[Data records]
▽
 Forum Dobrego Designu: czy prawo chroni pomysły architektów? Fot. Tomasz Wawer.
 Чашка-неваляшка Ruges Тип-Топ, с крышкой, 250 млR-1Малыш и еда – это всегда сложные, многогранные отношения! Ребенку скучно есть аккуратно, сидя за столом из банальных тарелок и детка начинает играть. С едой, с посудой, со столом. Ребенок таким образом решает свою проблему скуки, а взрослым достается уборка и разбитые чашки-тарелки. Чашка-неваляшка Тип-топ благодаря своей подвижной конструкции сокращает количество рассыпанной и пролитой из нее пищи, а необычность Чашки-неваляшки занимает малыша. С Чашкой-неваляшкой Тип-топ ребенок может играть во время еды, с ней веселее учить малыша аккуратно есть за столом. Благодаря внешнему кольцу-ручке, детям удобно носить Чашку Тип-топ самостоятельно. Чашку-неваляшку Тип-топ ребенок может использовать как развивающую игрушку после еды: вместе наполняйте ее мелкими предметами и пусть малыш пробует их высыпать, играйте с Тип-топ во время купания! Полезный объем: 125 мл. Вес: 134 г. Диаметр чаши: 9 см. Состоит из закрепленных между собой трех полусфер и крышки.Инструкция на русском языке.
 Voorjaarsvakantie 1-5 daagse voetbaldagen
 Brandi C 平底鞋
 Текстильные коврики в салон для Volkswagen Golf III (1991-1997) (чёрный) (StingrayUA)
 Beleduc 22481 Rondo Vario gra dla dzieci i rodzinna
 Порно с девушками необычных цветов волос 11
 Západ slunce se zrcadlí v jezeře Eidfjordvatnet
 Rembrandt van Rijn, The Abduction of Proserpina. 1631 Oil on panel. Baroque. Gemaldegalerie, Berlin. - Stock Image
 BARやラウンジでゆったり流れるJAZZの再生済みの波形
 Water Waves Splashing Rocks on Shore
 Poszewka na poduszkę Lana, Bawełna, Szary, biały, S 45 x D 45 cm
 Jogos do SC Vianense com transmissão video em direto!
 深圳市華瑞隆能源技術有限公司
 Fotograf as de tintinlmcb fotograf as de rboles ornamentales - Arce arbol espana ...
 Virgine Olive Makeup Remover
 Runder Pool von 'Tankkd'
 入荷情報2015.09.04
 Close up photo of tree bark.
△
WHAT IS BEING ASKED:
If a line falls between the first line of the records and the line containing "Jogos do SC", inclusive, repeat it exactly; leave out all others.

ANSWER TO THIS EXERCISE:
 Forum Dobrego Designu: czy prawo chroni pomysły architektów? Fot. Tomasz Wawer.
 Чашка-неваляшка Ruges Тип-Топ, с крышкой, 250 млR-1Малыш и еда – это всегда сложные, многогранные отношения! Ребенку скучно есть аккуратно, сидя за столом из банальных тарелок и детка начинает играть. С едой, с посудой, со столом. Ребенок таким образом решает свою проблему скуки, а взрослым достается уборка и разбитые чашки-тарелки. Чашка-неваляшка Тип-топ благодаря своей подвижной конструкции сокращает количество рассыпанной и пролитой из нее пищи, а необычность Чашки-неваляшки занимает малыша. С Чашкой-неваляшкой Тип-топ ребенок может играть во время еды, с ней веселее учить малыша аккуратно есть за столом. Благодаря внешнему кольцу-ручке, детям удобно носить Чашку Тип-топ самостоятельно. Чашку-неваляшку Тип-топ ребенок может использовать как развивающую игрушку после еды: вместе наполняйте ее мелкими предметами и пусть малыш пробует их высыпать, играйте с Тип-топ во время купания! Полезный объем: 125 мл. Вес: 134 г. Диаметр чаши: 9 см. Состоит из закрепленных между собой трех полусфер и крышки.Инструкция на русском языке.
 Voorjaarsvakantie 1-5 daagse voetbaldagen
 Brandi C 平底鞋
 Текстильные коврики в салон для Volkswagen Golf III (1991-1997) (чёрный) (StingrayUA)
 Beleduc 22481 Rondo Vario gra dla dzieci i rodzinna
 Порно с девушками необычных цветов волос 11
 Západ slunce se zrcadlí v jezeře Eidfjordvatnet
 Rembrandt van Rijn, The Abduction of Proserpina. 1631 Oil on panel. Baroque. Gemaldegalerie, Berlin. - Stock Image
 BARやラウンジでゆったり流れるJAZZの再生済みの波形
 Water Waves Splashing Rocks on Shore
 Poszewka na poduszkę Lana, Bawełna, Szary, biały, S 45 x D 45 cm
 Jogos do SC Vianense com transmissão video em direto!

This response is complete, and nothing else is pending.